Итак, отныне мне запрещено участвовать в скачках, запрещено появляться на ипподромах, запрещено показываться на конюшнях. Последнее особенно печально, ибо я там и живу.
Вчерашний день был сплошным большим кошмаром, и мне тяжело еще раз вспоминать долгие мрачные часы без сна. Я был ошарашен, потрясен, сбит с толку, но в глубине души теплилась слабая надежда, что это всего-навсего ошибка. Так продолжалось далеко за полночь. Конечно, в неверии, что это действительно случилось, было что-то утешающее, но затем наступило отрезвление: я понял, что это свершившийся факт. Моя жизнь теперь напоминала вдребезги разбитую чашку. Осколки было склеить невозможно.
Утром я встал, сварил себе кофе и глянул в окно. Как всегда, ребята суетились у лошадей, выезжали на утреннюю проминку. Тут я по-настоящему и вкусил горечь судьбы изгоя.
Обычно по утрам у моего окна появлялся Фред и кричал во все горло:
– Ты что, собираешься торчать здесь целый день?
Но сегодня Фред так и не появился. Сегодня мне ничего не оставалось делать, как сидеть в своей комнате. Без дела.
Никто из ребят не смотрел на мои окна. Они вообще старались не смотреть по сторонам. Они вели себя тихо, слишком тихо. Я увидел, как Бочонок Берни стал карабкаться на жеребенка, на котором еще недавно выступал я. В том, как робко опустил он в седло свою толстую задницу, было что-то извиняющееся.
Он тоже смотрел вниз.
Ничего, думал я, завтра они опять придут в себя. Завтра они начнут проявлять любопытство, задавать вопросы. Они не презирали меня. Они мне сочувствовали. Сочувствовали и стеснялись. А также немного тревожились. Им было неприятно смотреть в глаза Большой Беде.

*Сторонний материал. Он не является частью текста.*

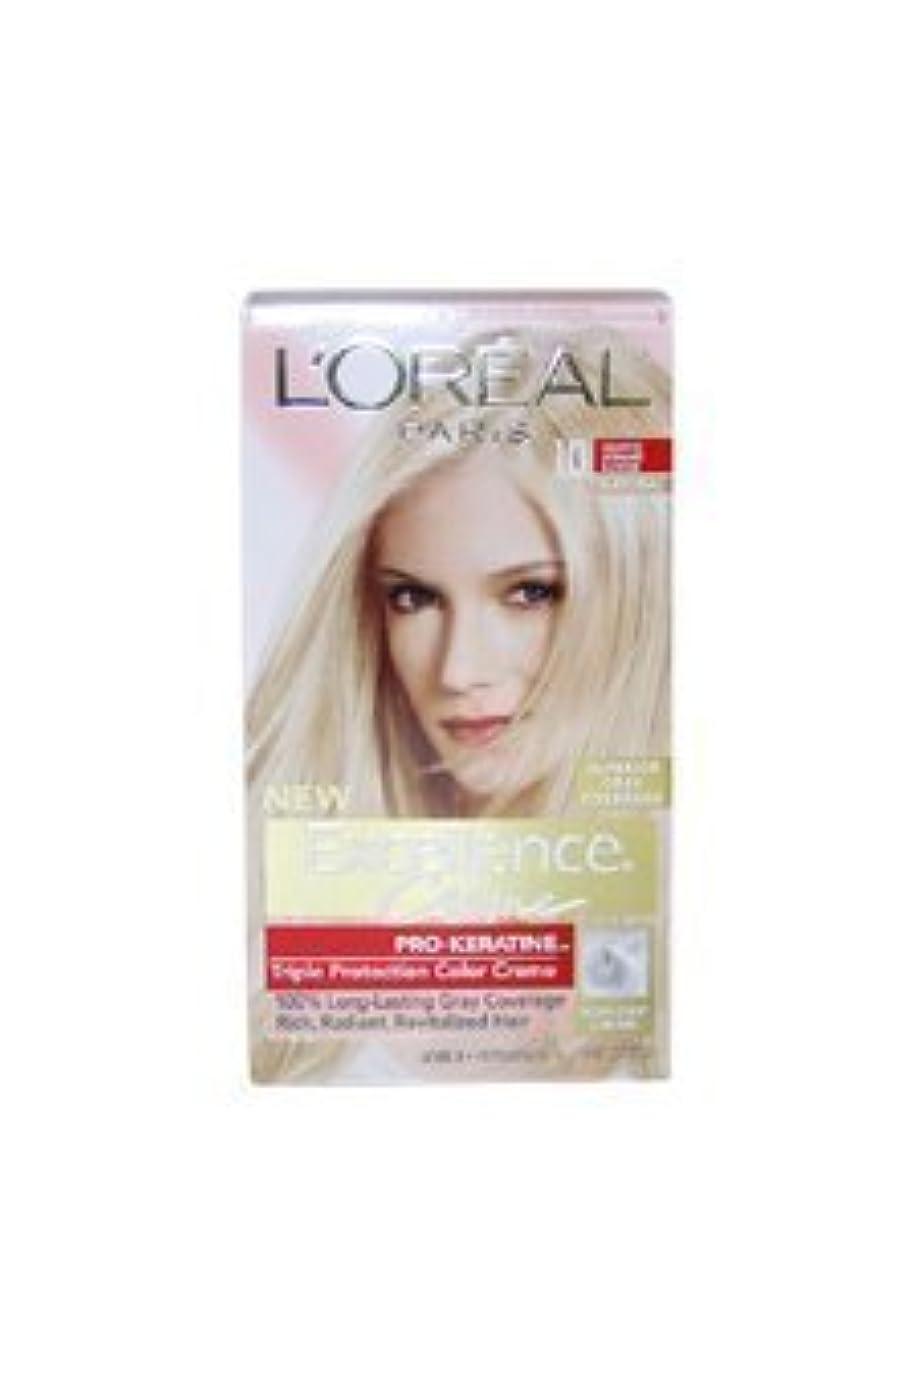 ポケットヨーグルト怪物Excellence Creme Pro - Keratine 10 Light Ultimate Blonde - Natural by L'Oreal - 1 Application Hair Color by L'Oreal...

Наконец они ускакали, а я медленно пил кофе, думая, что же теперь делать. Меня заполнило неприятное, очень неприятное чувство пустоты и утраты.
В моем почтовом ящике, как обычно, уже лежали утренние газеты. Интересно, что подумал мальчишка-разносчик, он-то ведь небось прекрасно знал, что в них сегодня? Я пожал плечами. Ладно, прочитаю-ка сам, что придумали чертовы газетчики, да благословит их господь!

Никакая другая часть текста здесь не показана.